SSL_CTX_set_generate_session_id, SSL_set_generate_session_id,
SSL_has_matching_session_id, GEN_SESSION_CB
- manipulate generation of SSL session IDs (server only)

=head1 SYNOPSIS

 #include <openssl/ssl.h>

 typedef int (*GEN_SESSION_CB)(SSL *ssl, unsigned char *id,
                               unsigned int *id_len);

 int SSL_CTX_set_generate_session_id(SSL_CTX *ctx, GEN_SESSION_CB cb);
 int SSL_set_generate_session_id(SSL *ssl, GEN_SESSION_CB, cb);
 int SSL_has_matching_session_id(const SSL *ssl, const unsigned char *id,
                                 unsigned int id_len);

=head1 DESCRIPTION

SSL_CTX_set_generate_session_id() sets the callback function for generating
new session ids for SSL/TLS sessions for B<ctx> to be B<cb>.

SSL_set_generate_session_id() sets the callback function for generating
new session ids for SSL/TLS sessions for B<ssl> to be B<cb>.

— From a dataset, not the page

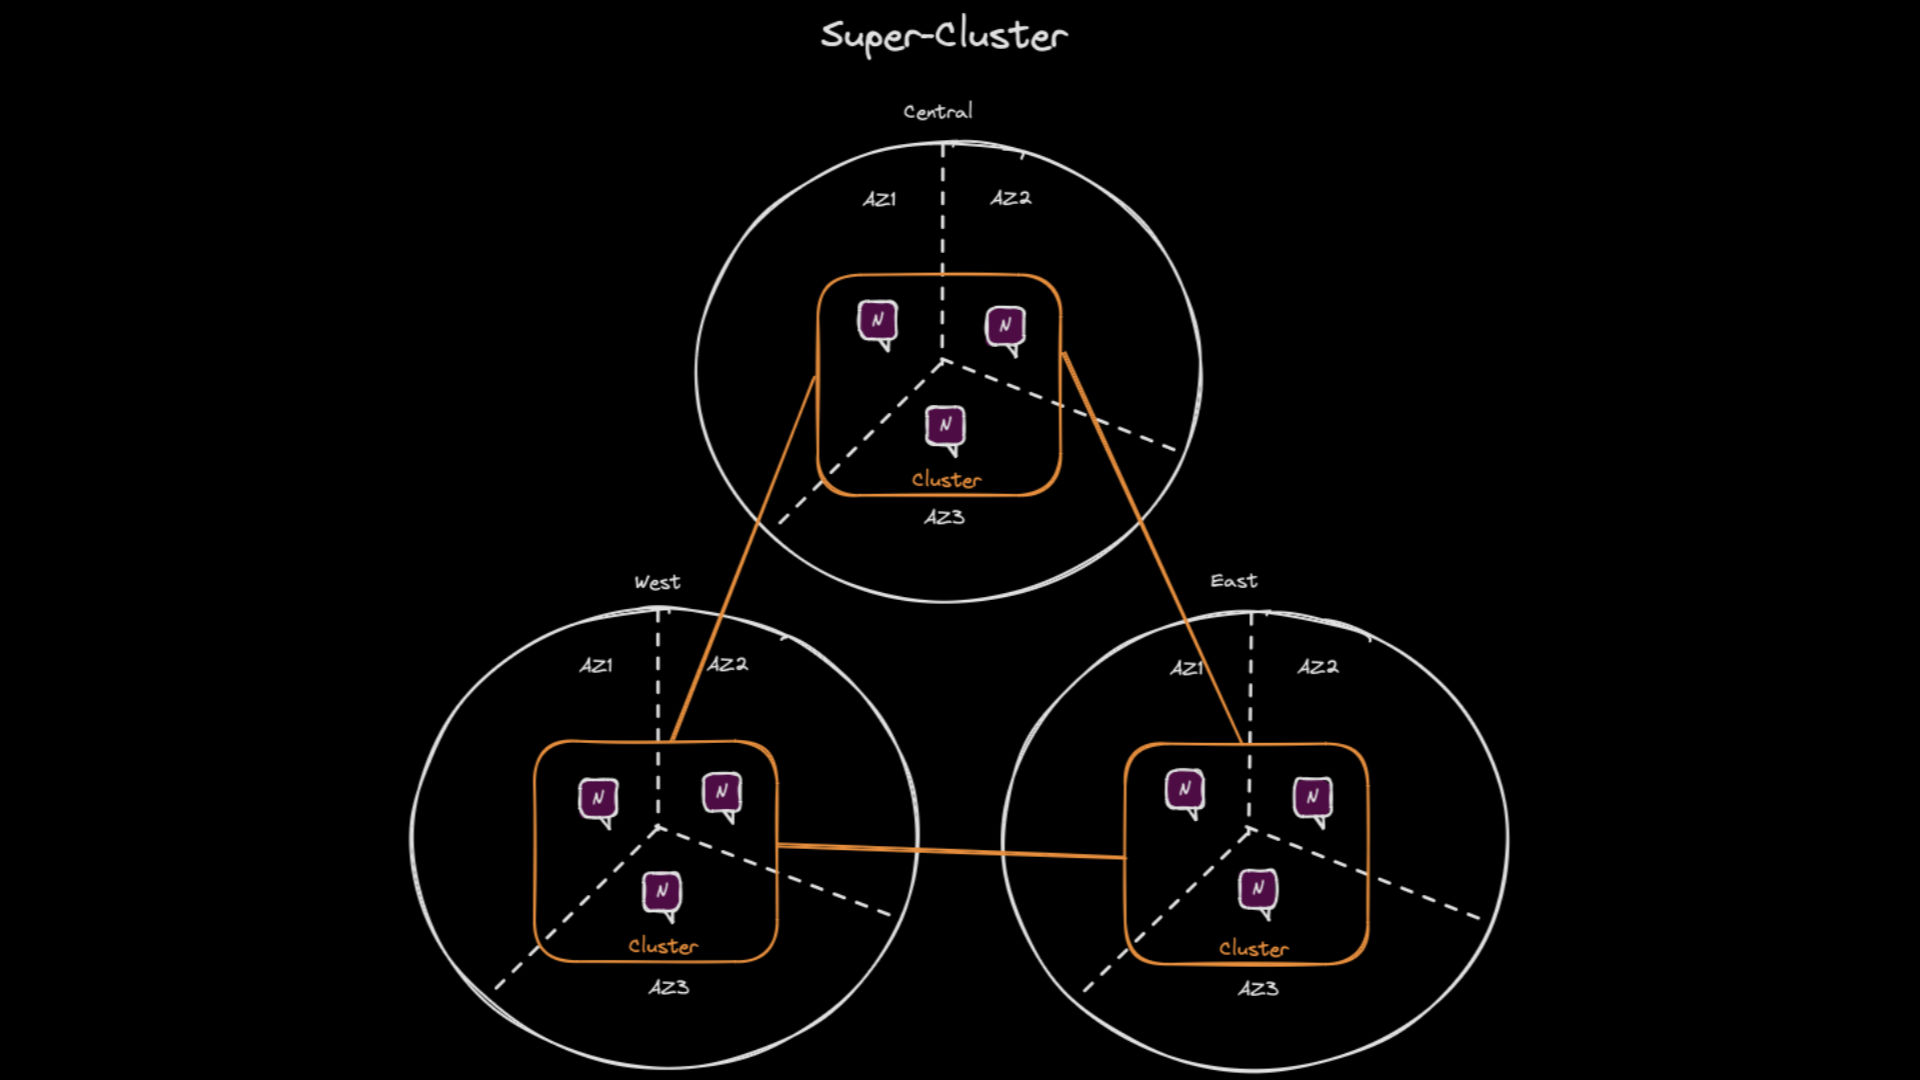 Super-Cluster
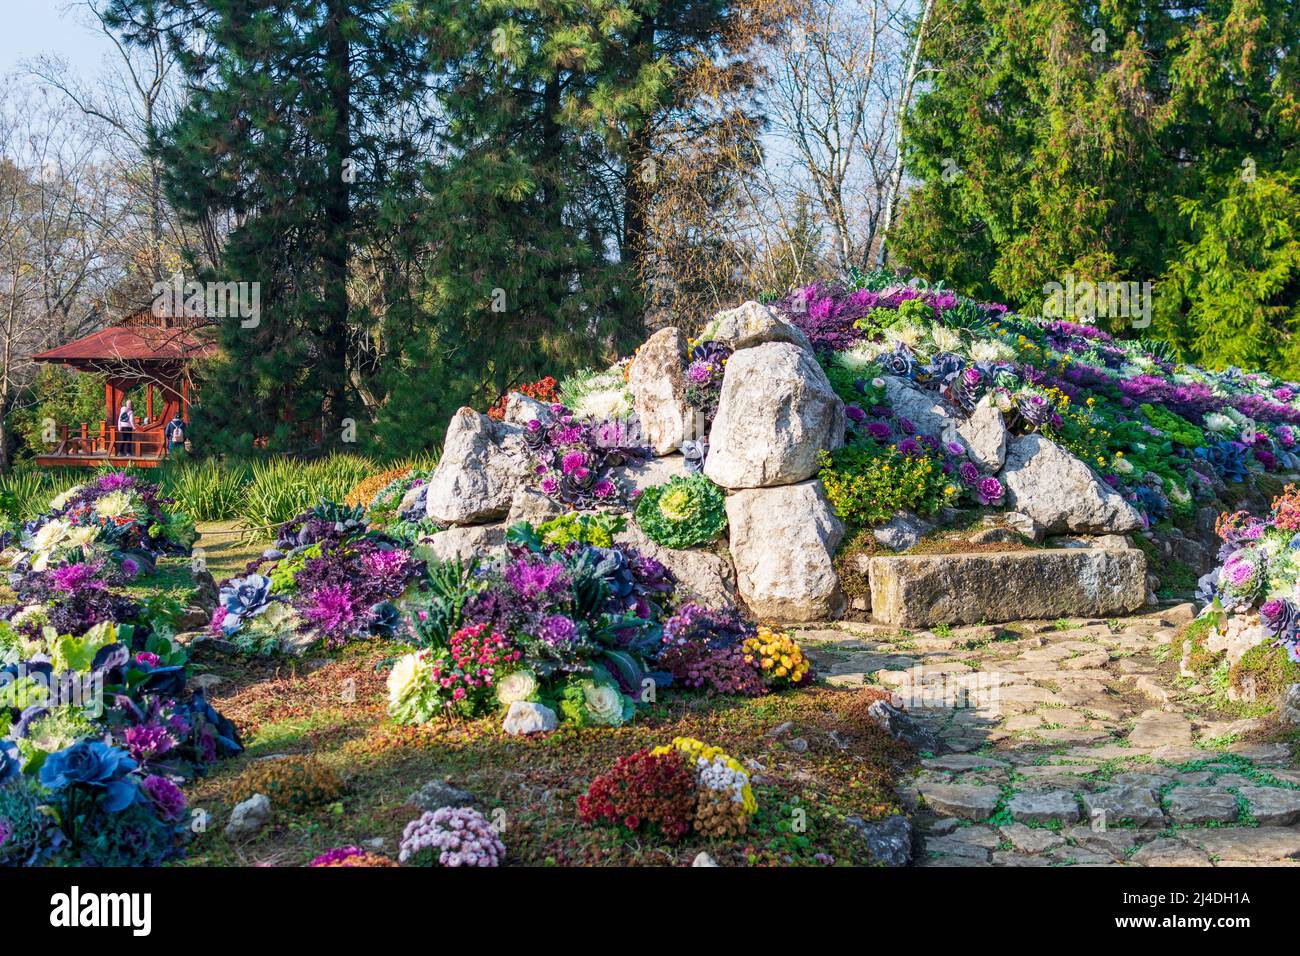 Decorative cabbages planted between rocks at Botanic Garden Iasi, Romania Stock Photo

SSL_has_matching_session_id() checks, whether a session with id B<id>
(of length B<id_len>) is already contained in the internal session cache
of the parent context of B<ssl>.

=head1 NOTES

When a new session is established between client and server, the server
generates a session id. The session id is an arbitrary sequence of bytes.
The length of the session id is between 1 and 32 bytes.  The session id is not
security critical but must be unique for the server. Additionally, the session id is
transmitted in the clear when reusing the session so it must not contain
sensitive information.

Without a callback being set, an OpenSSL server will generate a unique
session id from pseudo random numbers of the maximum possible length.
Using the callback function, the session id can be changed to contain
additional information like e.g. a host id in order to improve load balancing
or external caching techniques.

The callback function receives a pointer to the memory location to put
B<id> into and a pointer to the maximum allowed length B<id_len>. The
buffer at location B<id> is only guaranteed to have the size B<id_len>.
The callback is only allowed to generate a shorter id and reduce B<id_len>;
the callback B<must never> increase B<id_len> or write to the location
B<id> exceeding the given limit.

The location B<id> is filled with 0x00 before the callback is called, so the
callback may only fill part of the possible length and leave B<id_len>
untouched while maintaining reproducibility.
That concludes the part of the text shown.